Energía: transformación posible, pero no automática

mayo 29, 2026 Yulder Jiménez

Por: Andrea Carolina Sánchez, docente de la Escuela de Ciencias Básicas de la Universidad Politécnico Grancolombiano

Las energías renovables ya no son un tema del futuro. Son una realidad que avanza, con logros concretos y desafíos igual de concretos. Los países han venido diversificando sus matrices energéticas por múltiples razones: los compromisos globales frente al cambio climático y la reducción de emisiones de gases de efecto invernadero han marcado la dirección, pero también pesa el hecho de que los combustibles fósiles son un recurso finito. Depender exclusivamente de ellos es apostarle a una solución con fecha de vencimiento.

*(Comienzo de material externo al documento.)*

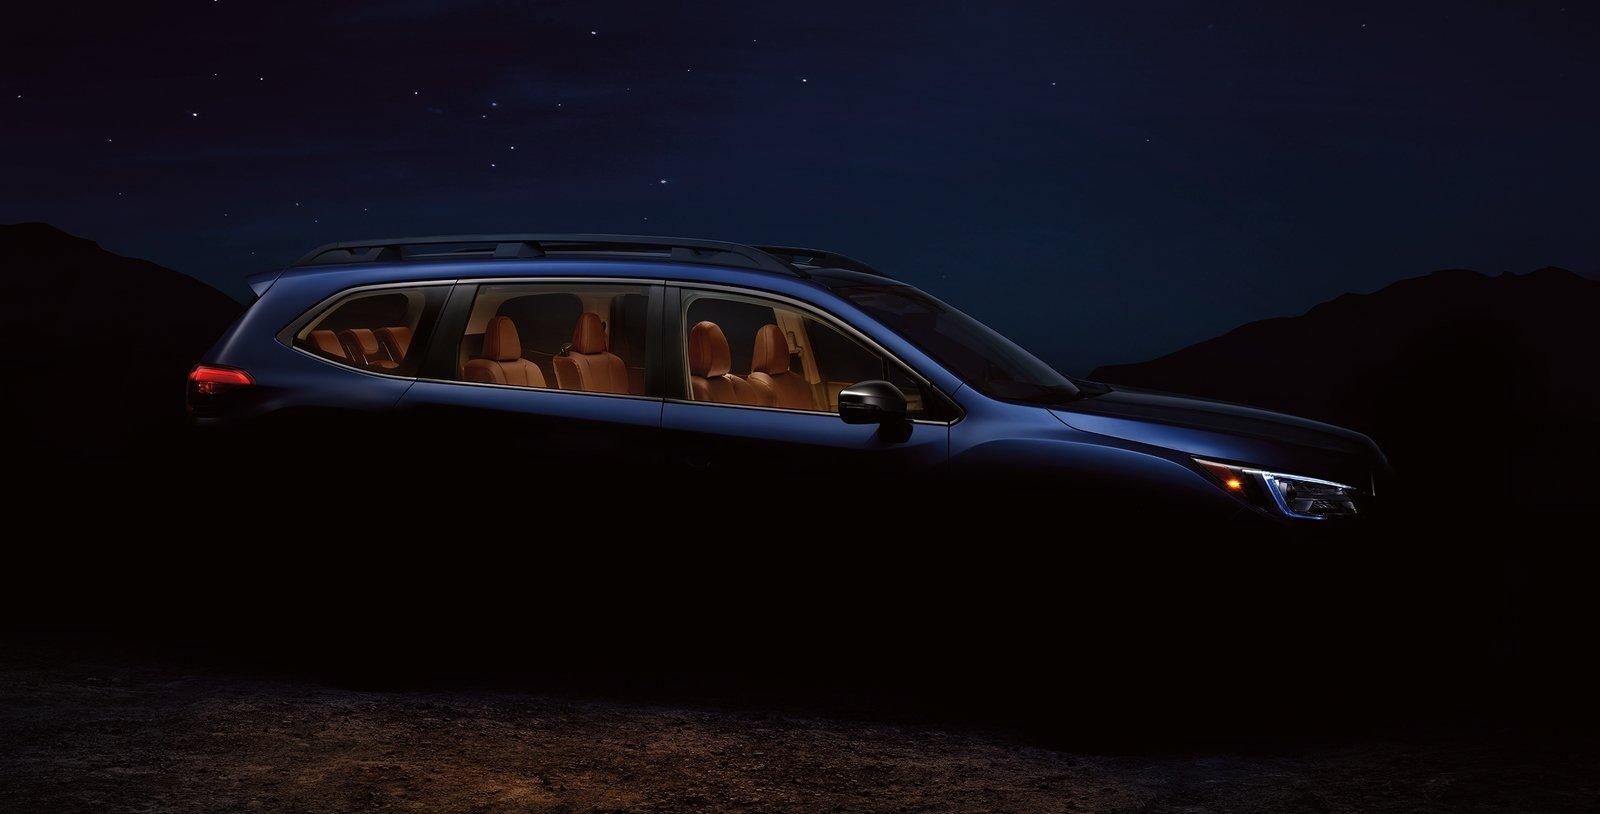 2019 Subaru Ascent - Biggest Subaru SUV Is Here
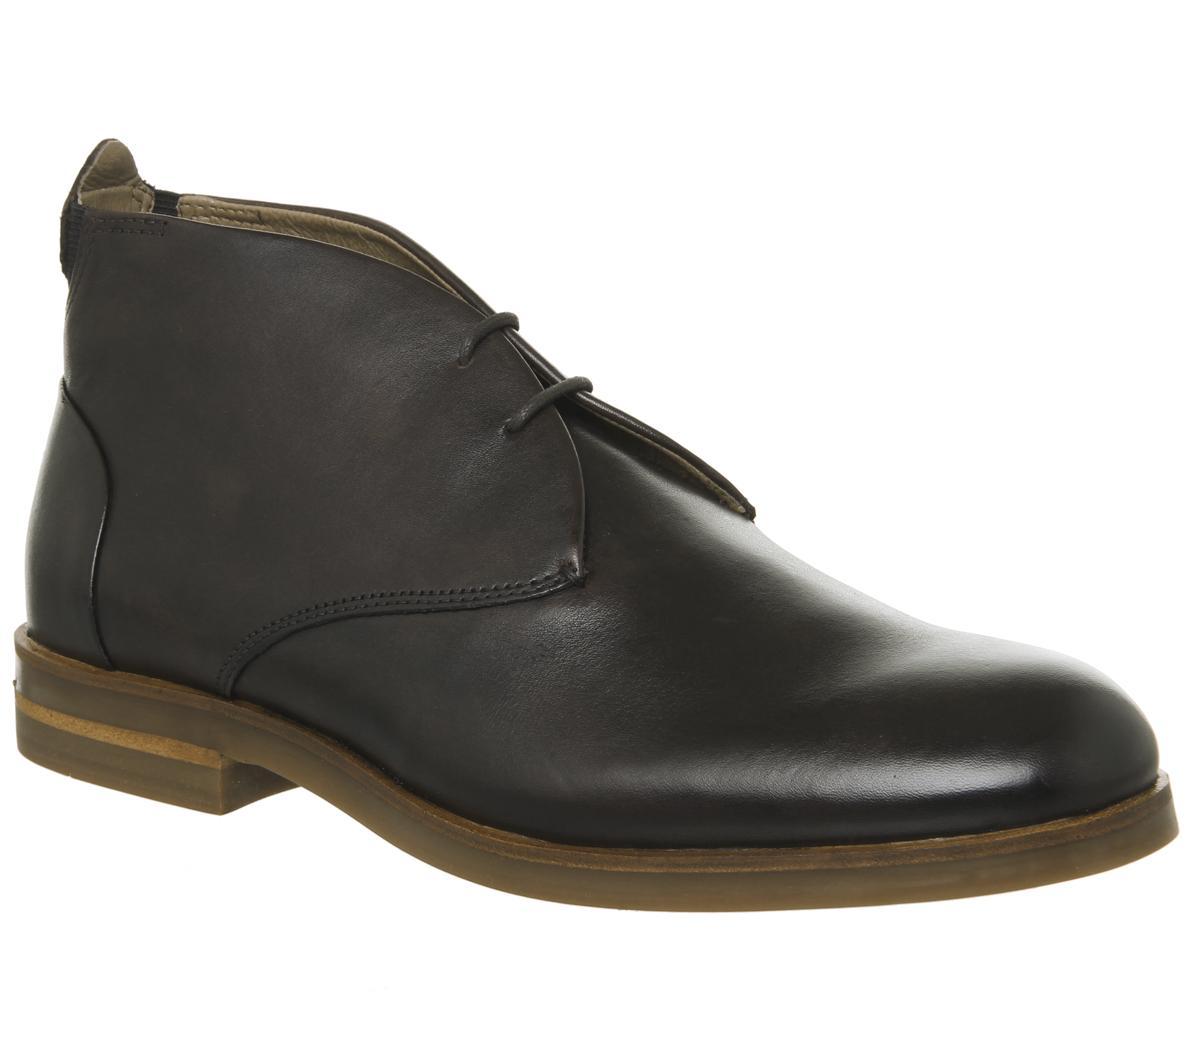 Bedlington Chukka Boots

En ese contexto, Colombia parte con una ventaja importante: gracias a su base hidroeléctrica, el país tiene una generación eléctrica con niveles de emisiones significativamente menores que los de muchas otras naciones. Sin embargo, esa ventaja no es suficiente por sí sola. La demanda energética crece, el cambio climático presiona y la dependencia de los combustibles fósiles, especialmente en el sector transporte, sigue siendo una realidad que no se puede ignorar.

Asumir que la transición energética es únicamente un asunto tecnológico sería un error. Las barreras son diversas: la financiación sigue siendo insuficiente, la tecnología proviene casi en su totalidad del exterior y varios proyectos han enfrentado frenos por tensiones sociales, restricciones presupuestales y otras razones que reflejan la complejidad del proceso.

La movilidad eléctrica es un ejemplo claro de estas tensiones: los vehículos eléctricos llegaron y siguen llegando al país, pero la infraestructura de puntos de carga no crece al mismo ritmo que su comercialización. Como en cualquier proceso de transformación profunda, estos retos hay que irlos sobrellevando, aunque también pueden limitar un alcance más amplio si no se abordan con decisión.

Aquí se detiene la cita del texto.